Diary?

2009-08-05
Wed

(19:35)

今日は朝から腹の具合が悪くて炒めものなど油を使った料理を食べる気にはとてもなれなかったので、湯豆腐らしきものを食べることにした。元は「天体戦士サンレッド」9巻に載ってた鶏の挽き肉鍋で、そこに豆腐を加えただけ。作り方は

  1. 鶏のももの挽き肉を練って団子にする
  2. 白菜を適当な大きさに切る
  3. 豆腐を適当な大きさに切る
  4. 煮込む

以上。十分に火が通ったら、すりおろした玉ねぎをポン酢に加えたものにつけて食べる。

(23:36)

基本的に今の仕事で作ってるテンプレート言語やスクリプト言語などの大元の設計者は檜山さんで、俺は基本的に設計に関わるところでは強い意見を言わず、実装者の観点からの意見に留めることを心がけてる。設計に関わる人間が増えた結果どうしようもなくなってしまったプロダクトをいくつか見てきたし、ぶっちゃけ「船頭多くして船山に登る」という諺はいつだって正しい。それでも俺が設計上の観点から口出しをする部分はあって、それは不要な「省略可能」という言葉を仕様から外すことだ。

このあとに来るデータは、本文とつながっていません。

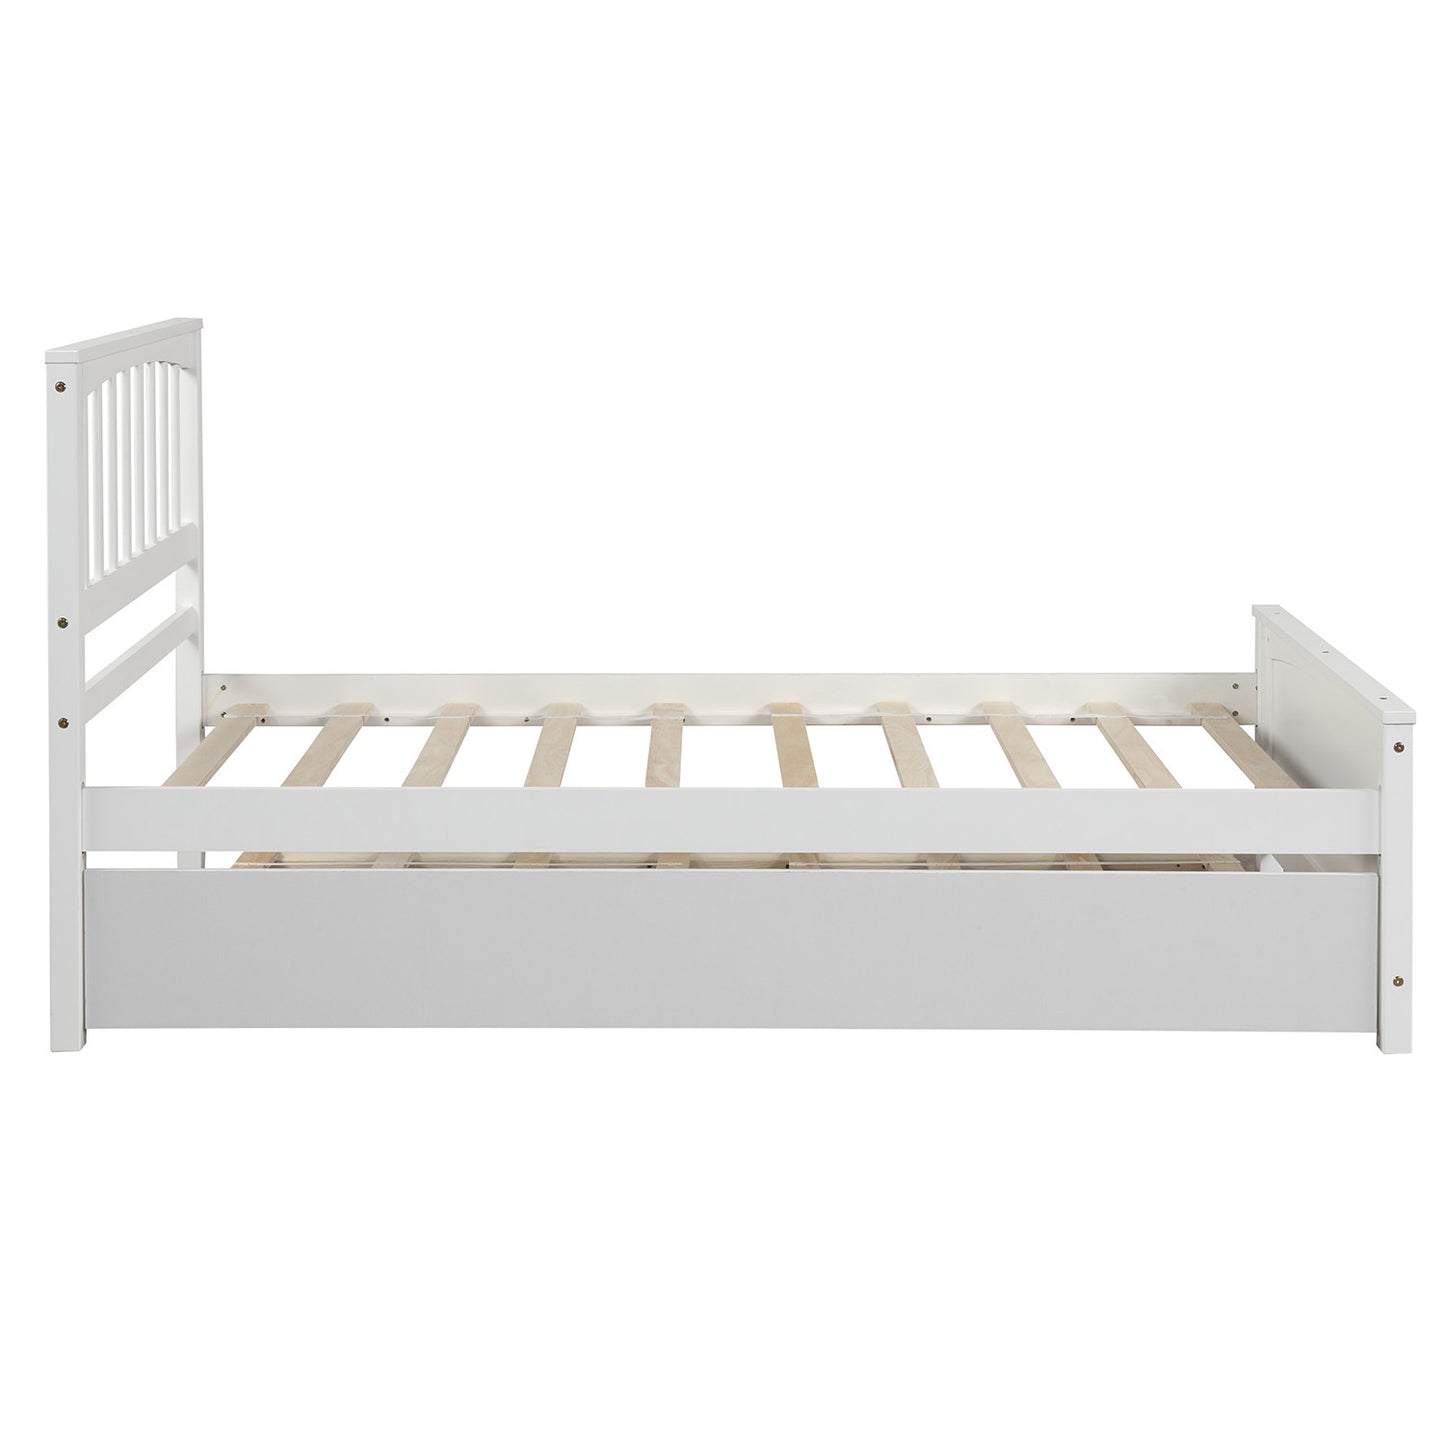 Twin size Platform Bed with Trundle, White
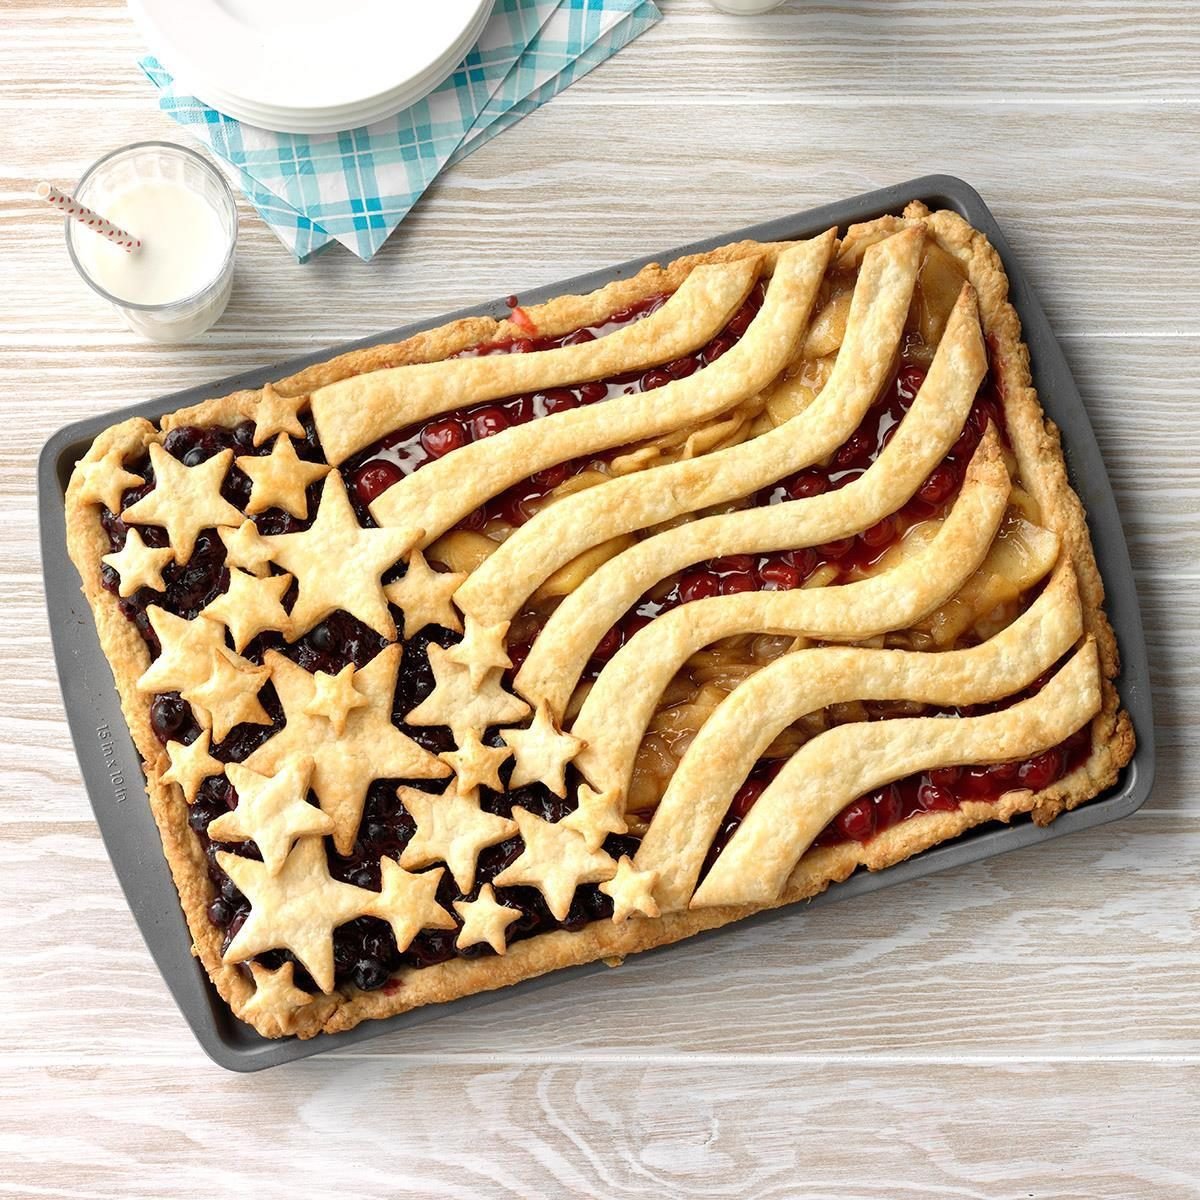 Celebrate the Fourth of July with These Recipes for a Crowd

俺の経験上、「書いてもいいし書かなくてもいい」という要素は、結構な割合で問題を引き起こす。例えば C 言語のような文法の言語の場合、 if 文などのブレースが省略可能なものが多い。つまり次のようなコードが合法ということになる。

if (cond1)
  ...
else
  ...

このようなコードを書くと、後の修正で思わぬバグを入れ込むことになるというのはよく言われているが、それと同じぐらい文法を教えるときの障壁という害悪も含んでいる。

俺はとあるソフトウェアハウスに勤務していたころ、何回か新人研修の担当官を務めたことがある(言語は Java)。当然新人連中はいろんなところで躓いたのだが、先のブレースのような「省略可能」という要素はそれら躓きの一つであった。初学者というのはどうしても自分の書いたコードに自信が持てないし、自分の書いたコードの意味も把握できないから、「省略可能」という事がどういうことなのか、本当に省略していいのかわからずに悩むことがある。結局俺は「省略可能と本や Web には書いてあるが、省略するな。バグの元だ」と言って終わりにしていた。

実際には C や Java のブレースは省略可能ではなく、 if 文などはボディに一つの文を受け付けることができ、ブレースによってブロック(複文をまとめて一つの文にした物)を与えることもできるという説明の方が正しいのだろうが、それをいきなり初学者に説明して納得させるのは絶望的だ(なので「書かなくてもこういう場合は思った通りに動く」程度の説明から入らざるを得ない)。相手が本当にできる奴で、計算機科学にマジに興味があると踏んだときはこういった説明を特別にしてやったりしたが、殆どの新人はそうじゃない。こういった「書いてもいいし、書かなくてもいい」というのはまず間違いなく学習者にとっての障壁でしかない。

他の障壁としては「暗黙に定義されるシンボル」があって、例えば C++ や Java の this キーワードは殆ど悪夢に近い存在といっていい。「this はどこから来るの?」という質問に対して嘘を付かずに答えようとすると、多くの場合は相手の理解を越える説明をせざるを得なくなった。そこからさらに「何で this なしでもアクセスできるの?」まで来ると、ねえ。

実際のところどんな言語を使ったとしても初学者に教えるという行為は困難だと思うし、それは汎用言語でなくて特定目的のための DSL でも変わりはないだろうが、だからこそくだらん syntactic sugar で躓かせるような文法にはしたくない。

……そうはいっても、まったく syntactic sugar なしというのはアレで、その辺の見極めは実際に使ってもらってみないとわからんのだが。でも先に出したブレースとか this は、「書かなくてもいい」という事が問題しか引き起こしてないと思うんだがなあ。